Data segment ▸
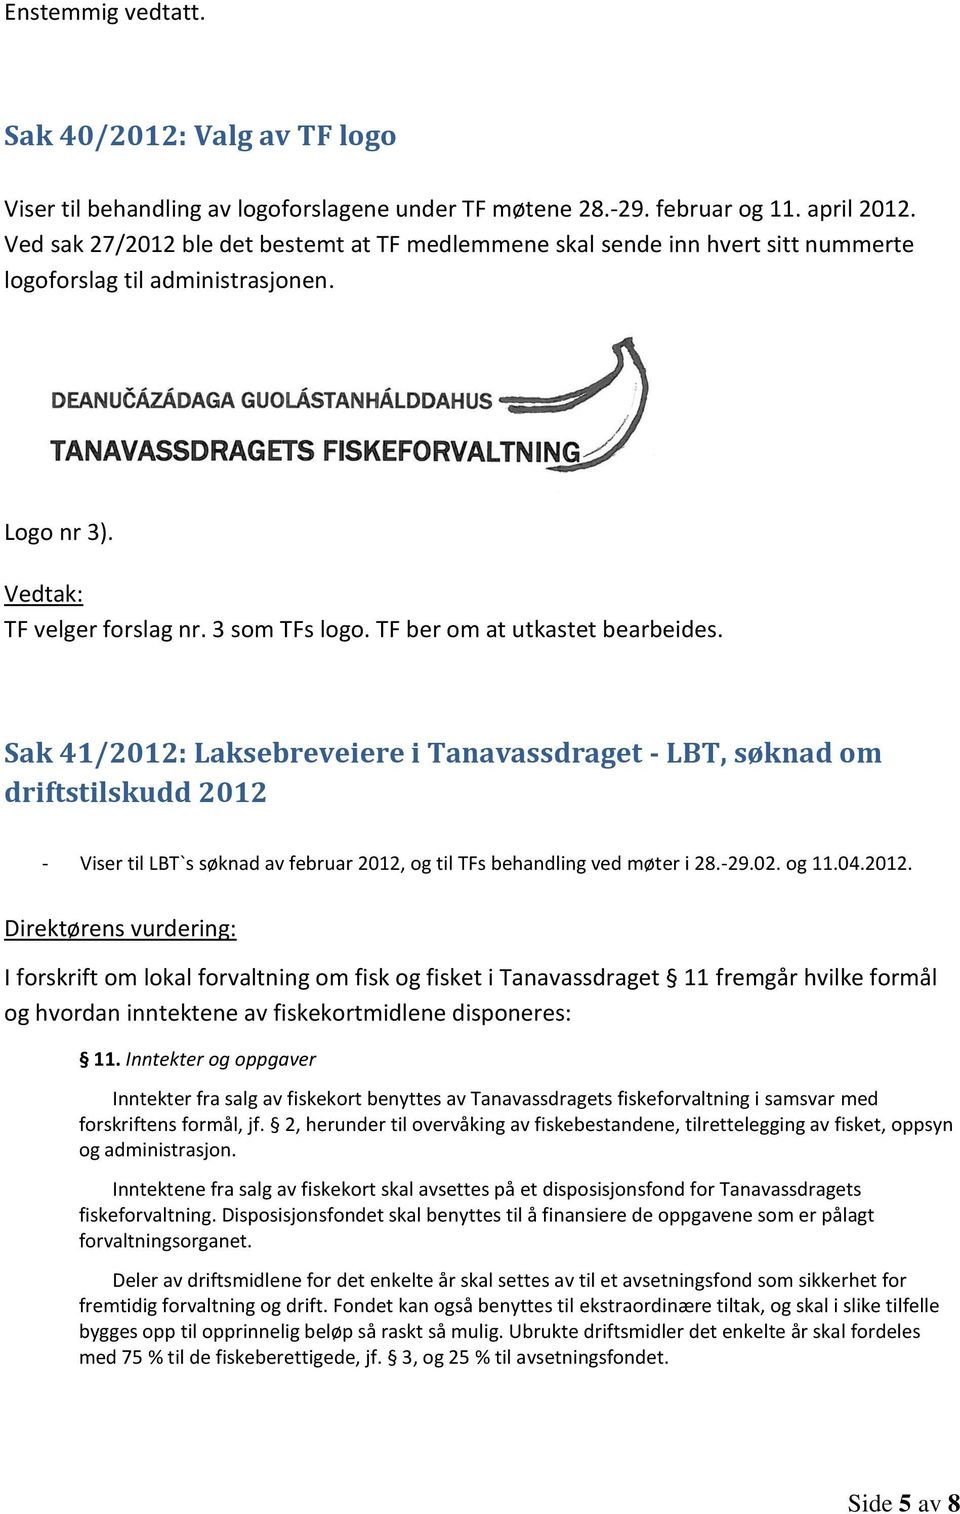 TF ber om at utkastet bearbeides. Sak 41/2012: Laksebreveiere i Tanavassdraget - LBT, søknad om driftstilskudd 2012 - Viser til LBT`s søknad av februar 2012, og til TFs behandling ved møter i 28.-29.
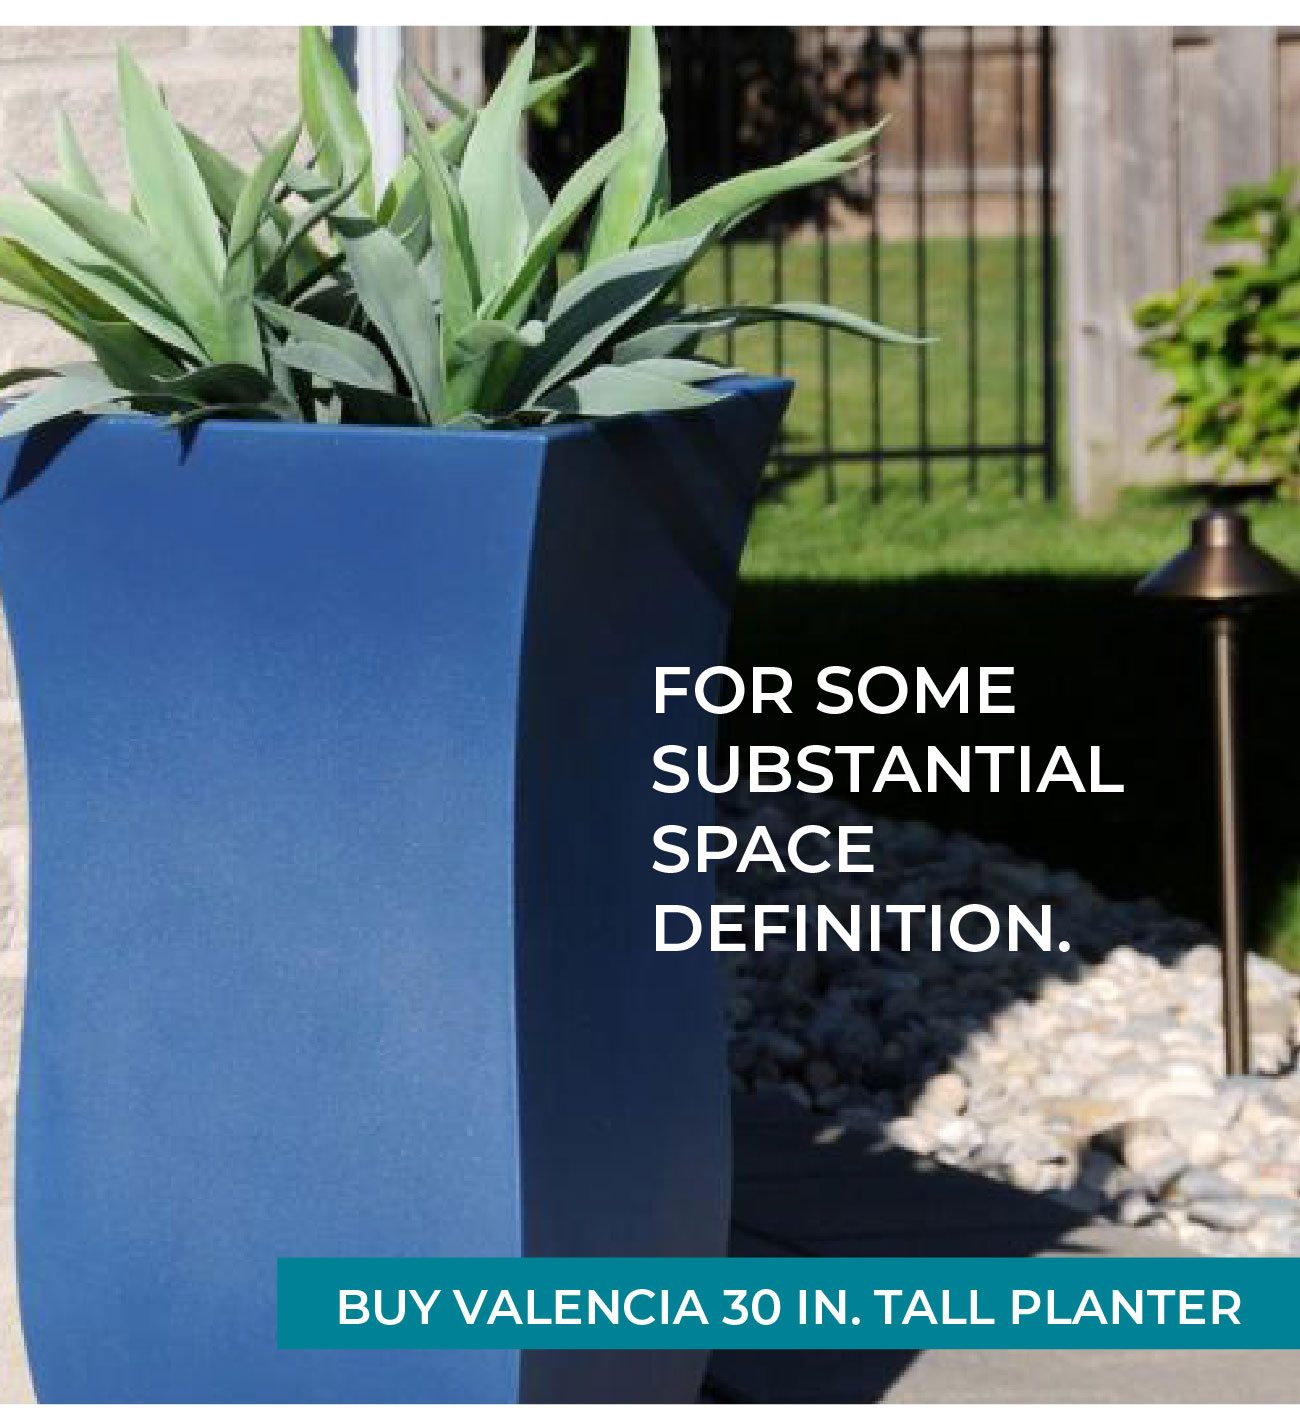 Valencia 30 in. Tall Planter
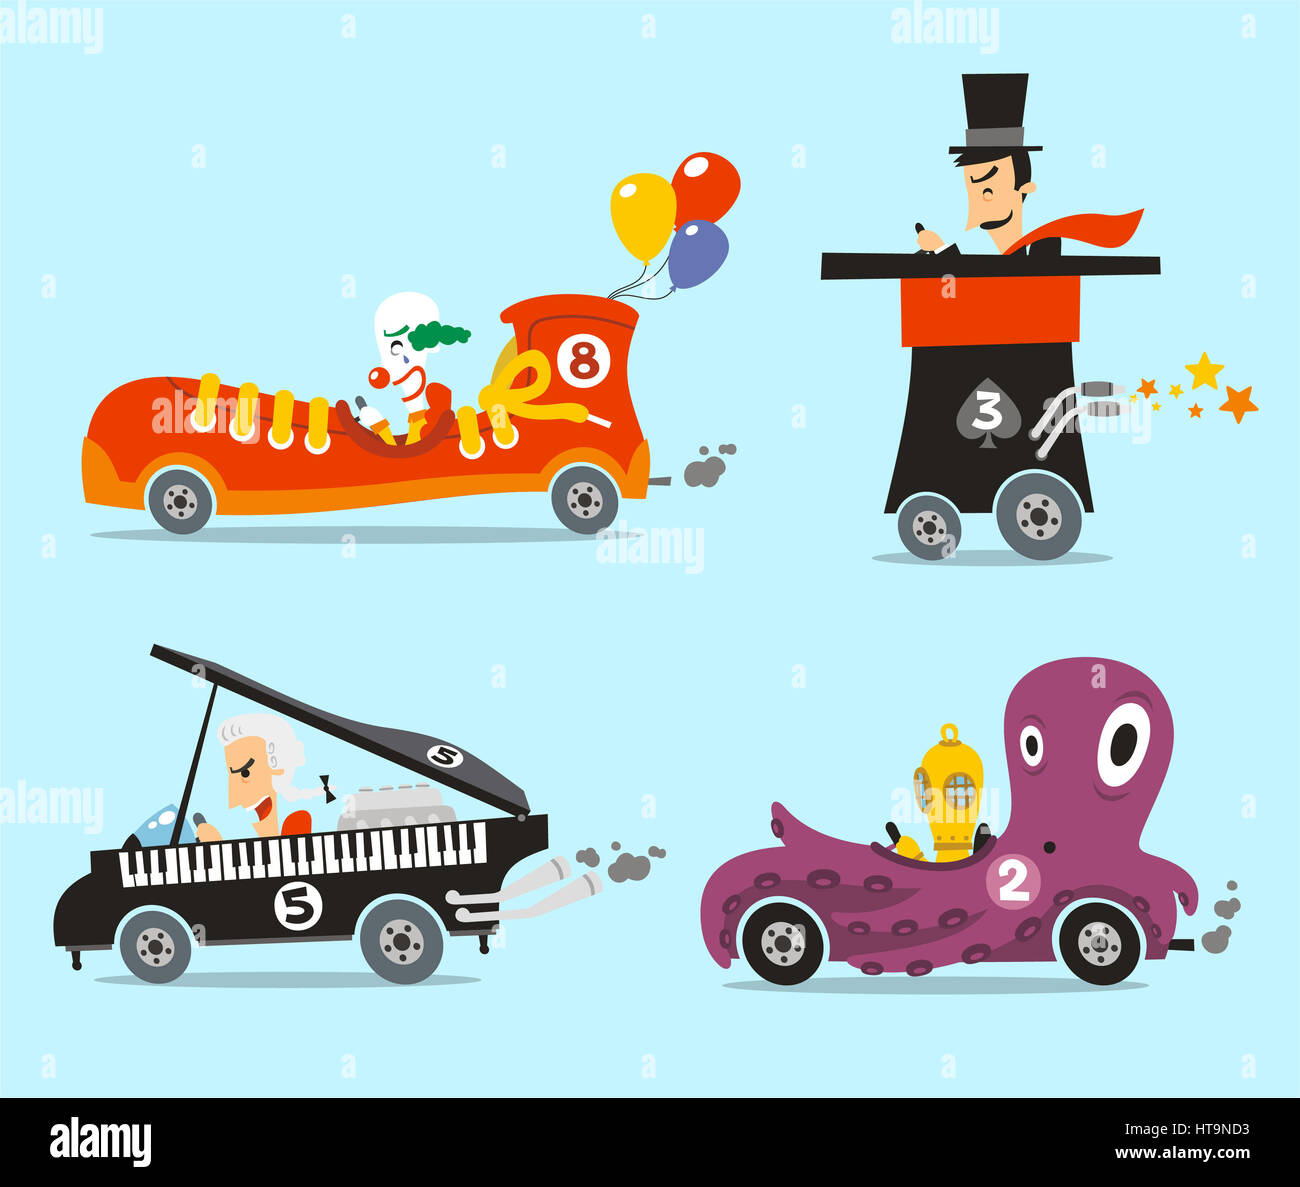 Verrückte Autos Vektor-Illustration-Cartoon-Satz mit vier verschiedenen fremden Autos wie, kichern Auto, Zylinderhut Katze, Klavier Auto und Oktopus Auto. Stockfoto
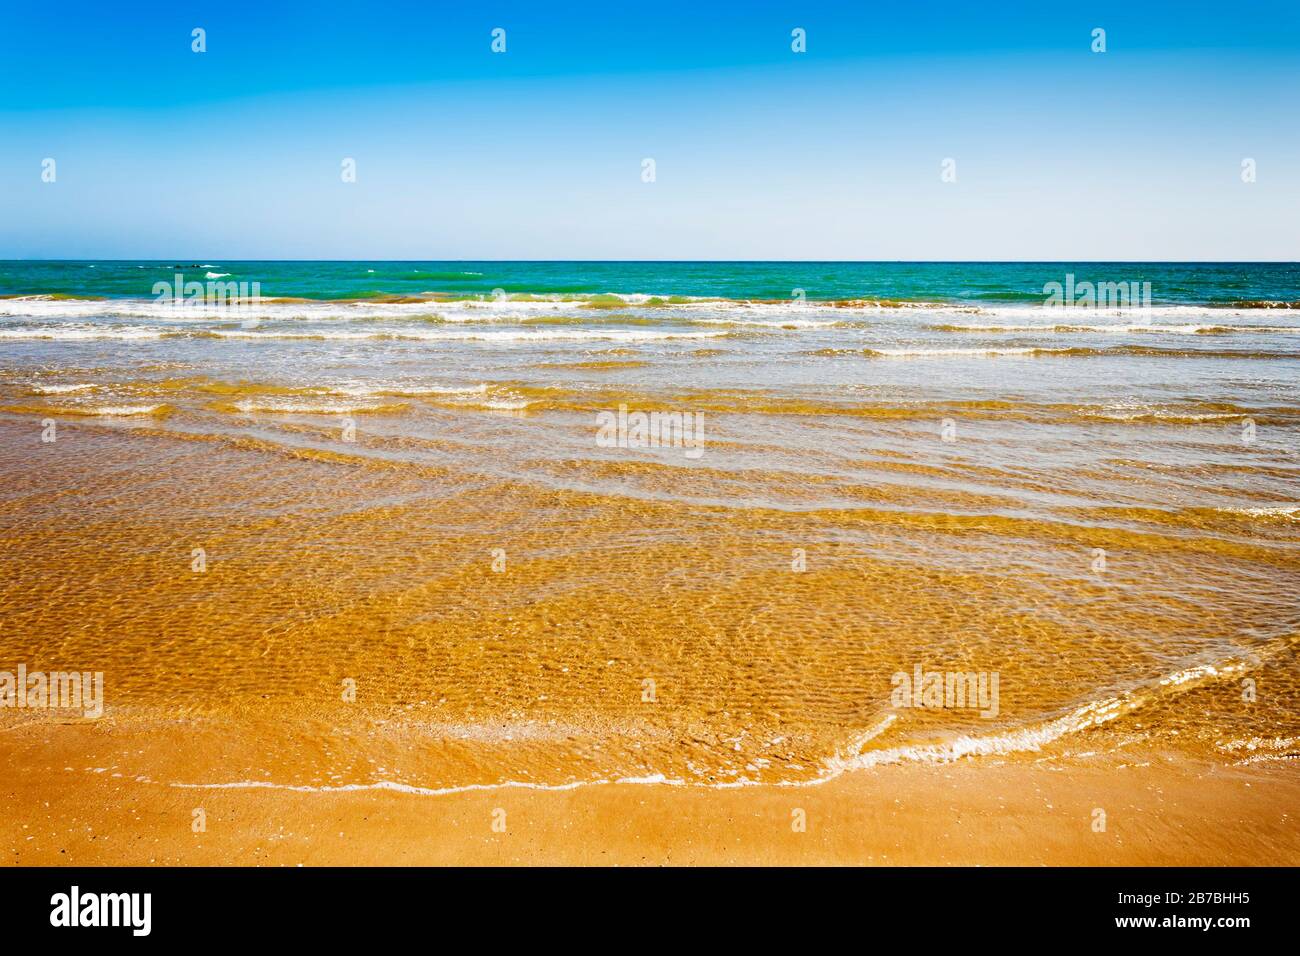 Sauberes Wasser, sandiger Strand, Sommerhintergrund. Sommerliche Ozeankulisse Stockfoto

What is required ▸ Print only the lines from the opening line of the listing to the line containing "Verrückte Autos Vektor-Illustration-Cartoon-Satz", inclusive, exactly as they appear and without pictures.

Solved exercise ▸
 TF ber om at utkastet bearbeides. Sak 41/2012: Laksebreveiere i Tanavassdraget - LBT, søknad om driftstilskudd 2012 - Viser til LBT`s søknad av februar 2012, og til TFs behandling ved møter i 28.-29.
 Valencia 30 in. Tall Planter
 Verrückte Autos Vektor-Illustration-Cartoon-Satz mit vier verschiedenen fremden Autos wie, kichern Auto, Zylinderhut Katze, Klavier Auto und Oktopus Auto. Stockfoto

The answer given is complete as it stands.